Myriam Thomas - Tra Cielo e Terra


Balazs Sipos
Lotte Interiori
The problems of our time, and the inner struggles that come thereof, are the subject of Sipos' sculptures. The grotesque and the humor are the tools through which he expresses himself in an indirect way. Due to its transparency, the nature of glass provides a new point of view which helps reveal the connections between the hidden forms. Both internal and external forms complement each other, thus creating a unit in their own interpretation.


Svetlana Evdokimova
Three Flora Muses: Peonies - Dandelions - Thistle
While maintaining a lifelike form, these static sculptures breathe, move and communicate thanks to their vivid structures and colours. The togetherness of sculptures and light draws the viewer into the works, inviting them to reflect on their own feelings and on understanding the most complicated material – themselves.
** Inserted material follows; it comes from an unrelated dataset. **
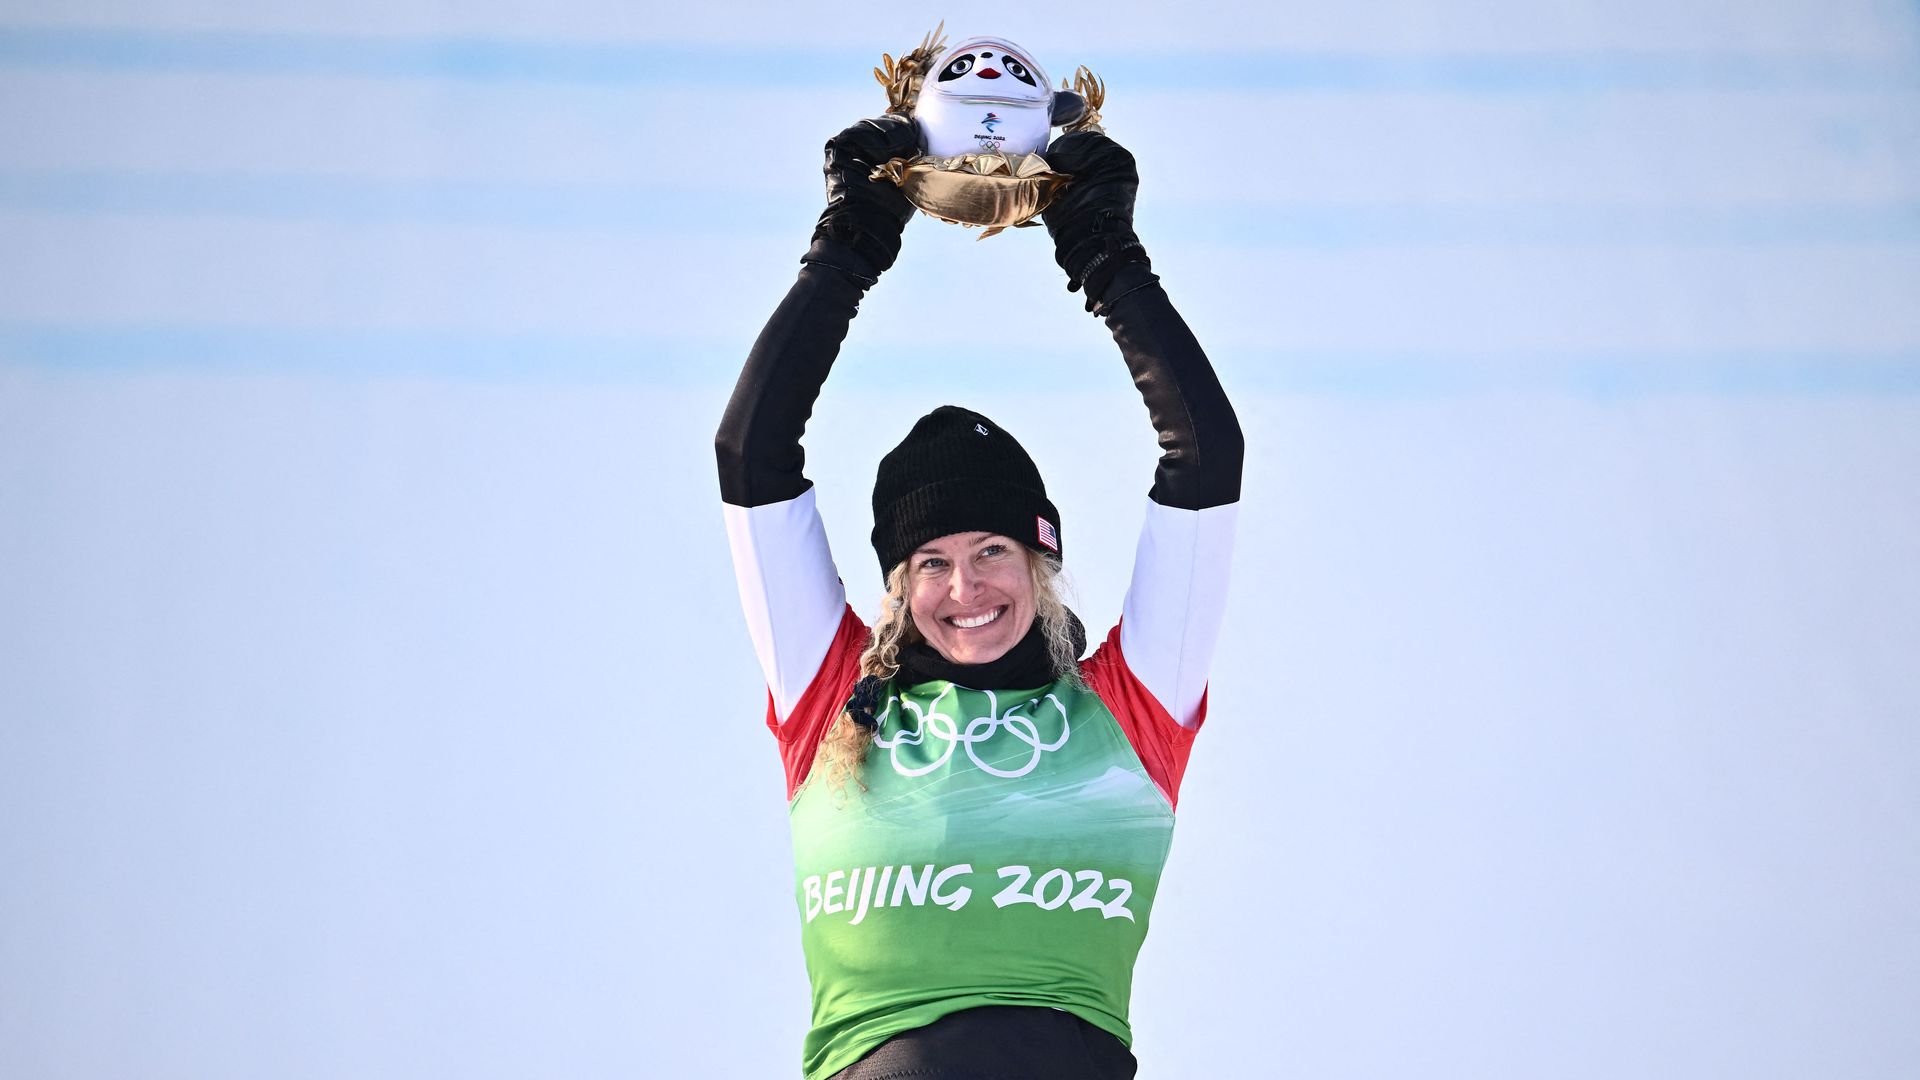  Gold medallist USA's Lindsey Jacobellis celebrates on the podium during the venue ceremony after the snowboard women's cross final during the Beijing 2022 Winter Olympic Games Feb. 9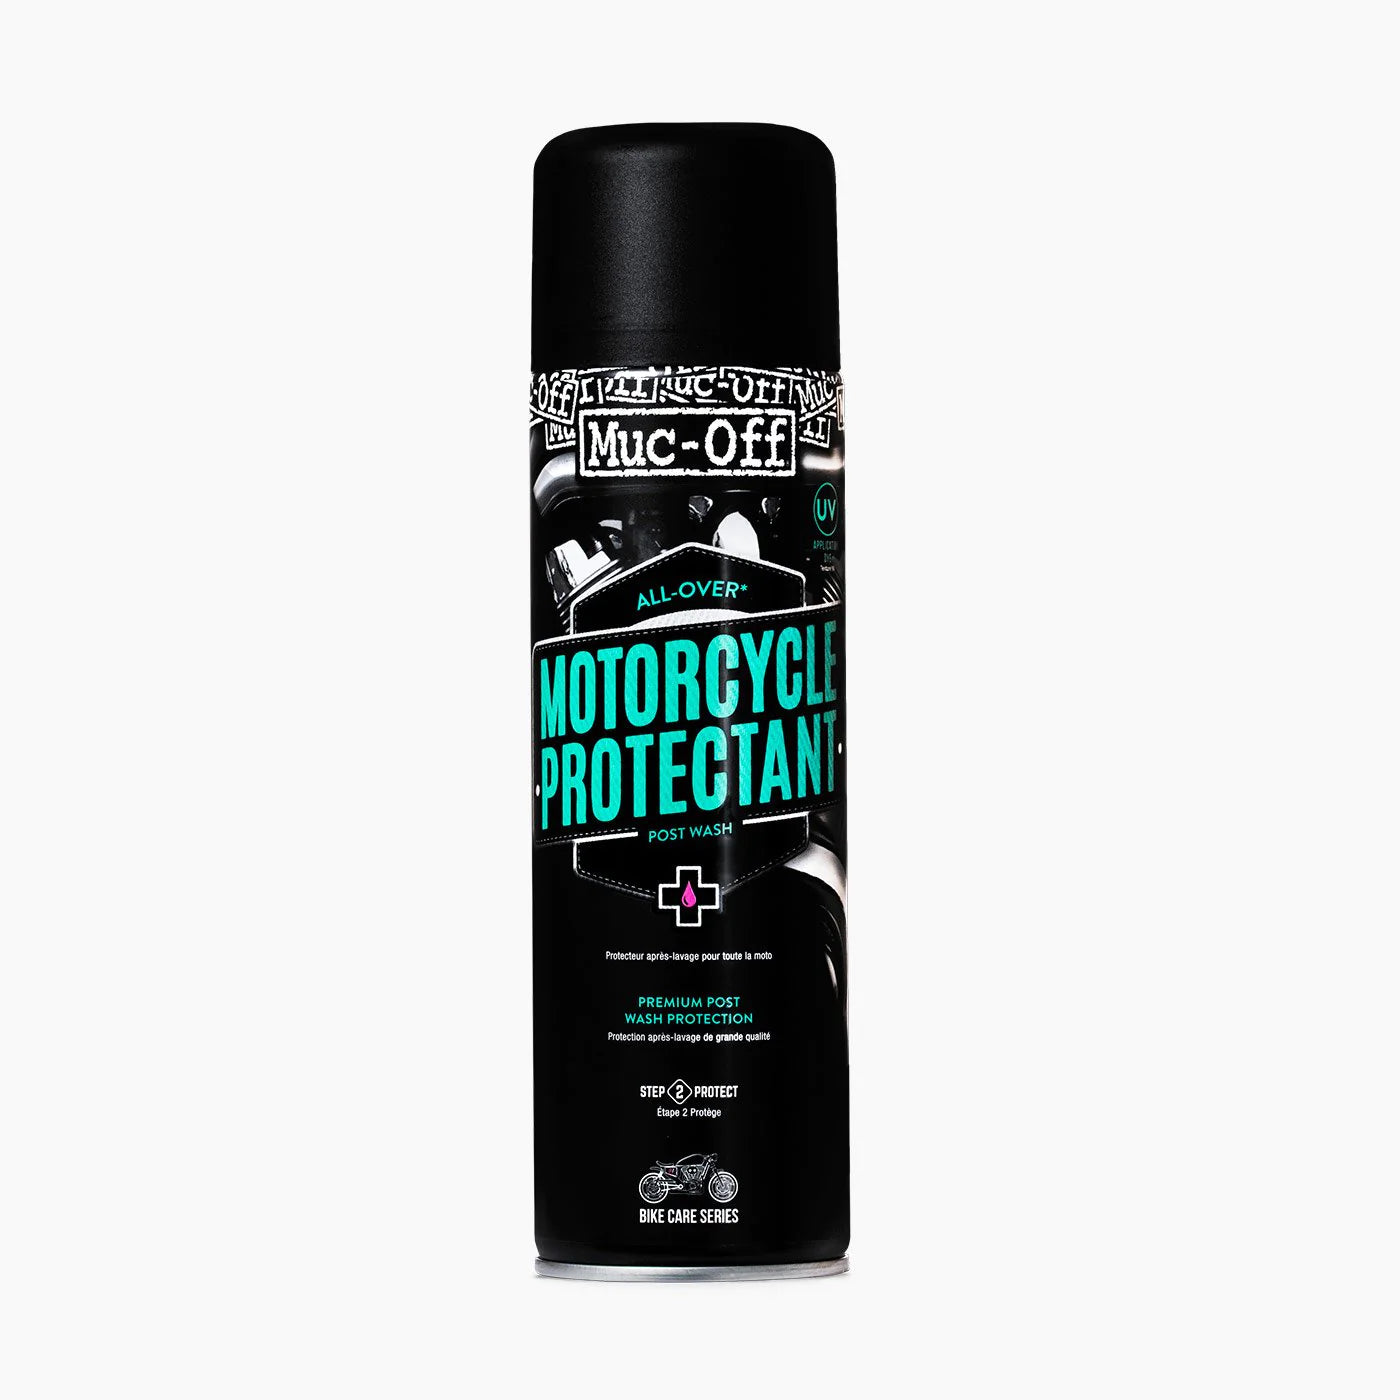 Muc-off Motorcycle Protectant 500ml spray bottle on white background

Going back to nature is key to rediscovering the source of our feelings and worries.


Svetlana Evdokimova - Three Flora Muses: Peonies - Dandelions - Thistle


Helen Maurer
Looking Out and In Again
The inspiration for Looking Out and In Again is the Wardian Case, a Glass terrarium invented in 1829, which changed the way plants could be successfully transported from one country to another. As the piece rotates, the panes reflect the flora around the room, a constellation travels across the ceiling and the house appears to deconstruct and reconstruct itself all over again.


Tristano di Robilant
Beyond the Water
Tristano di Robilant’s installation comprises five sculptures which are hand blown in Murano with the collaboration of maestro Andrea Zilio. The title of the installation, Beyond the Water, is a phrase that in Venetian dialect can simply mean that which lies beyond the canal. More loosely it can imply that which lies beyond the lagoon and, even further, that which lies beyond the open sea - a place that appears metaphorically, existing somehow elsewhere.


Tristano di Robilant - Beyond the Water


Feleksan Onar
Jewelled
Feleksan Onar returns to Venice with three jewel-like tables, each depicting a different gemstone, such as emerald, topaz and amethyst. The hand-sculpted Glass tables are kiln cast, wheel polished and later “set” into metal cast legs, praising each one like a precious stone.